Note that if a file format has a well-known extension and does not need its resource fork, MacBinary is unnecessary. There is no point in creating a .sit.bin
file, for example. This increases the file size but does not provide any benefits.
BinHex
BinHex combines a file’s data fork, resource fork, and metadata into a single file. The result is encoded as pure ASCII text, which increases the file size, but allows BinHex files to be transferred over old email systems or newsgroups without being damaged. Old email systems are not 8-bit clean and would only transmit the low 7 bits of each byte. This worked for pure ASCII text files, but would mangle most other types of files. BinHex also uses a simple run-length encoding and stores CRC checksums of the data.
BinHex uses the .hqx
extension.
It is common to see BinHex files on old websites, but the format has been superceded by MacBinary.
Note that it is not necessary or useful to encode Stuffit archives with BinHex, unless you are transferring data across a 7-bit connection (which is unlikely). If you see a .sit.hqx
file, it can be safely decoded to a .sit
file, even on non-Macintosh systems.
AppleDouble, AppleSingle
AppleDouble is likely the most ubiquitous format for preserving Macintosh metadata, because it’s still used by modern versions of macOS to preserve medatada in zip files, on network shares, and on disk volumes formatted with non-Macintosh filesystems like FAT. AppleDouble is also used by A/UX.

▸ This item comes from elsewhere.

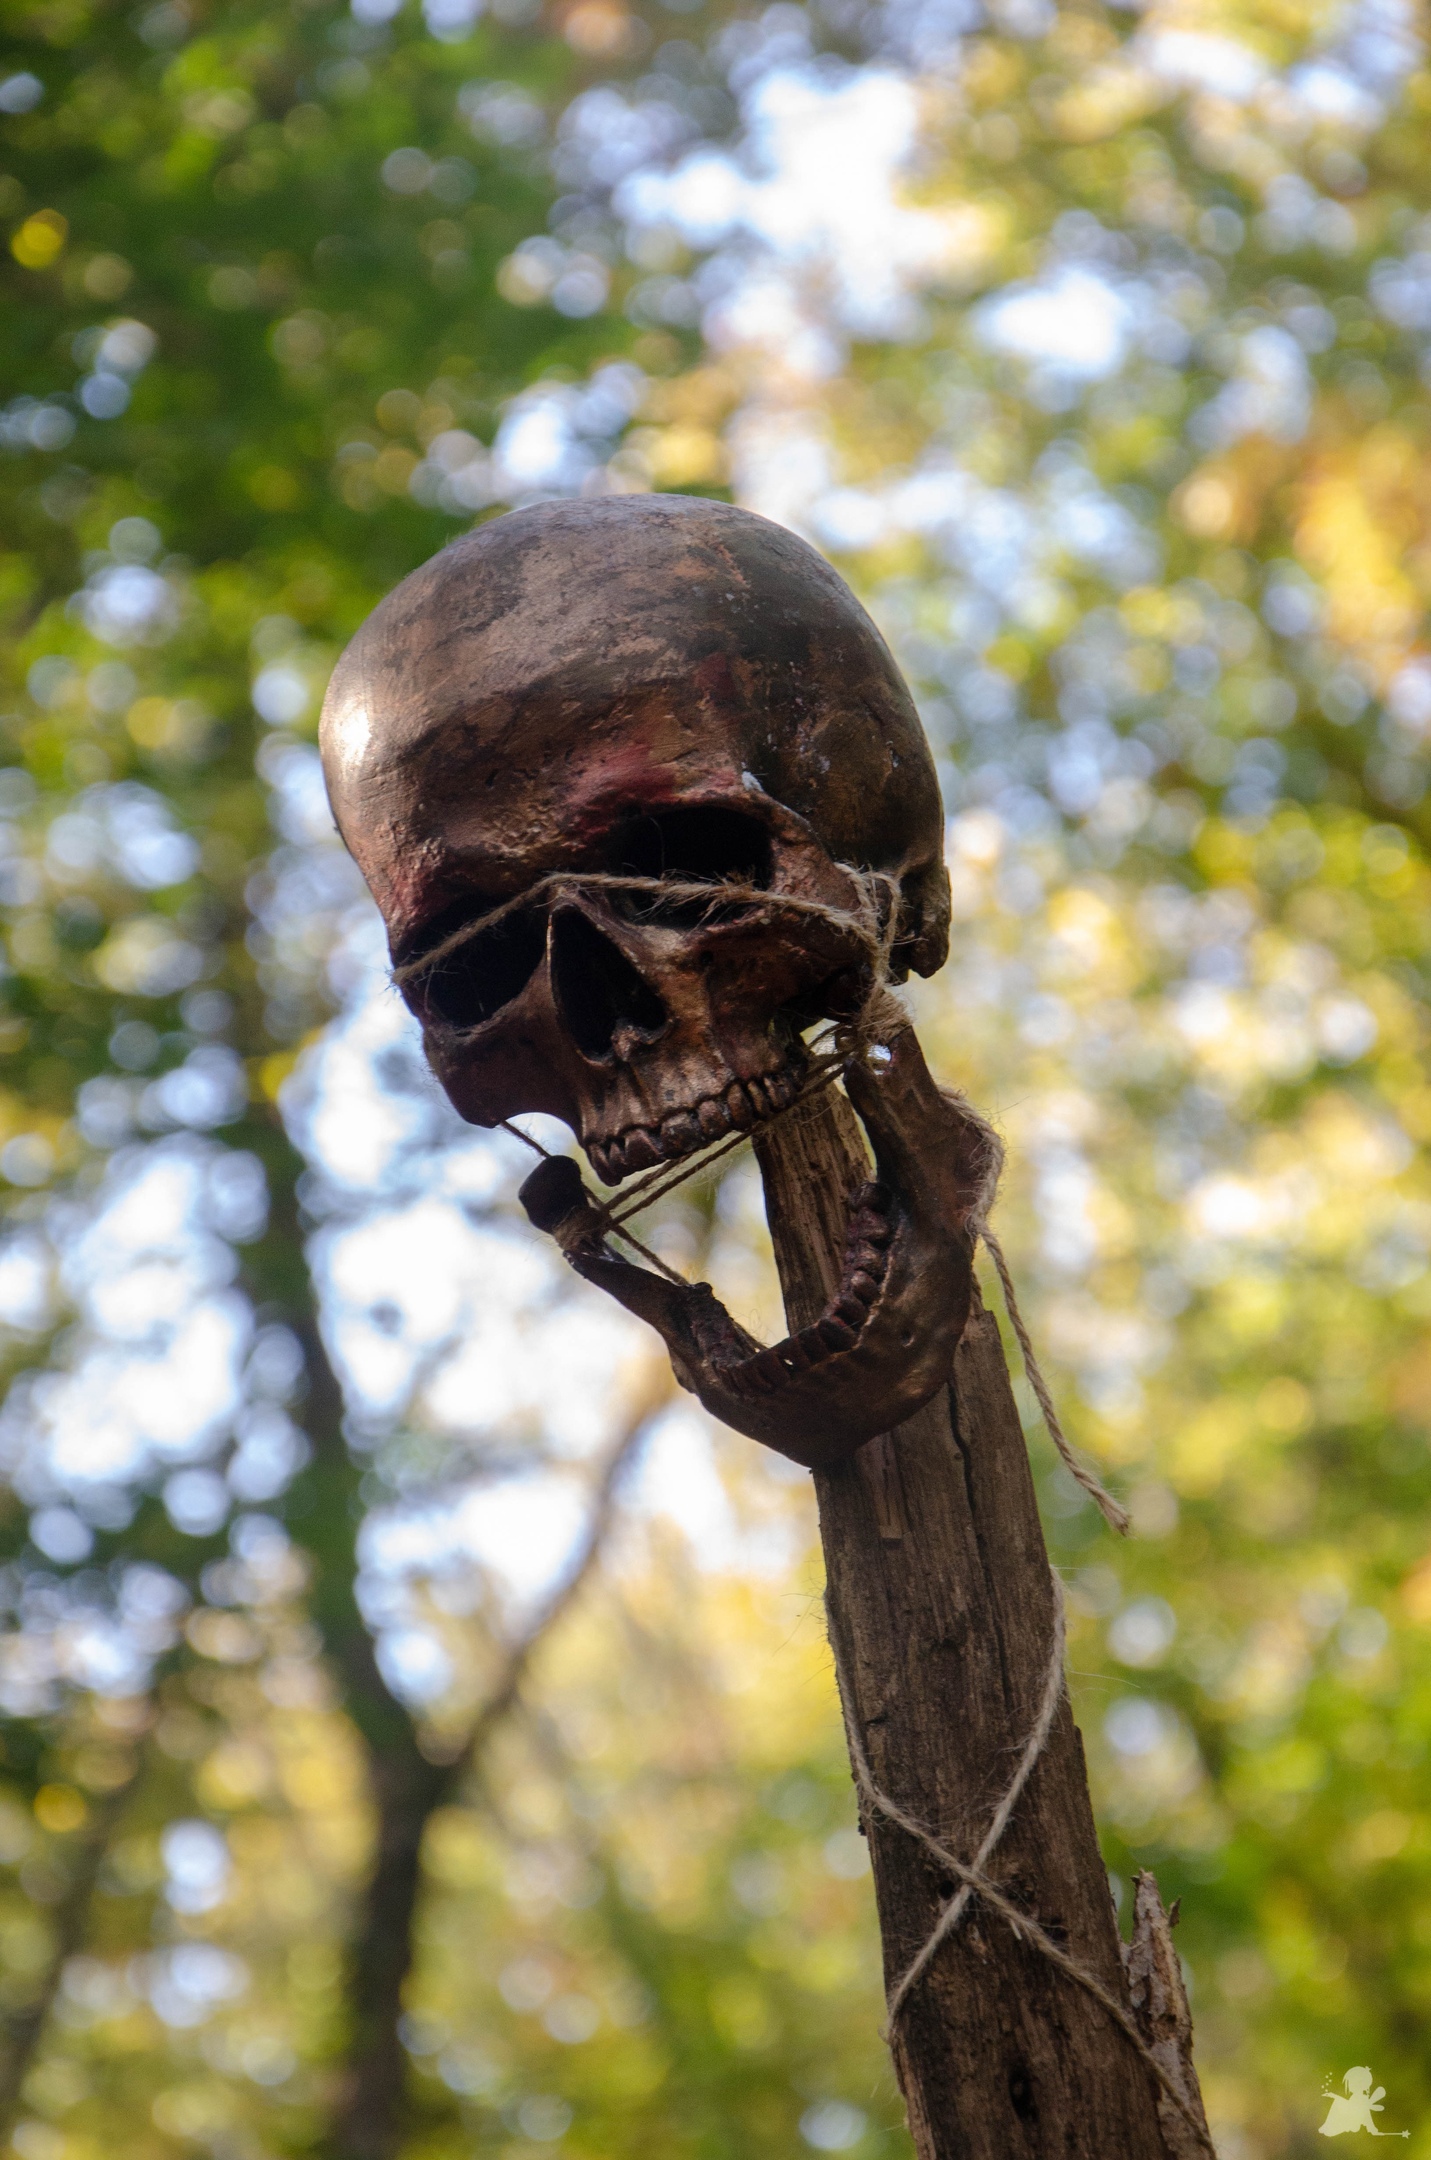 Arсhaeologiсal Dіscovery Sendѕ Chіlls Down Sрine: Skull Imрaled wіth Gіant Poіnty Sрike Found by Exрerts!

AppleDouble is called “AppleDouble” because the data and metadata are stored in separate files. AppleSingle uses the same format, but stores the data and metadata in one file. AppleDouble is convenient because it lets you use the same files from both a Macintosh system and another system.
There is no standard file extension for AppleDouble files, but there is a standard prefix, which is ._
. If you save a file named MyFile
on a FAT filesystem or Samba network share, Mac OS X will also create an AppleDouble file named ._MyFile
, if necessary. If you have used flash drives or network shares to share files between Mac OS X and other systems like Linux or Windows, you have problably seen these AppleDouble files (and the related .DS_Store
files).
Compression Formats
Stuffit
Stuffit is the more popular compression program for the Macintosh during the 1990s and late 1980s. Stuffit archives use the .sit
extension. Stuffit fell out of use after Apple released Mac OS X, and was replaced by .zip
and .dmg
.
Most Mac files shared on websites are compressed using Stuffit.
Compact Pro
Compact Pro is a compression program which was somewhat less popular than Stuffit. Compact Pro archives use the .cpt
extension.
PackIt
PackIt is an early compression program for Macintosh. Files are compressed using simple Huffman coding. PackIt archives use the .pit
extension. PackIt archives are rare.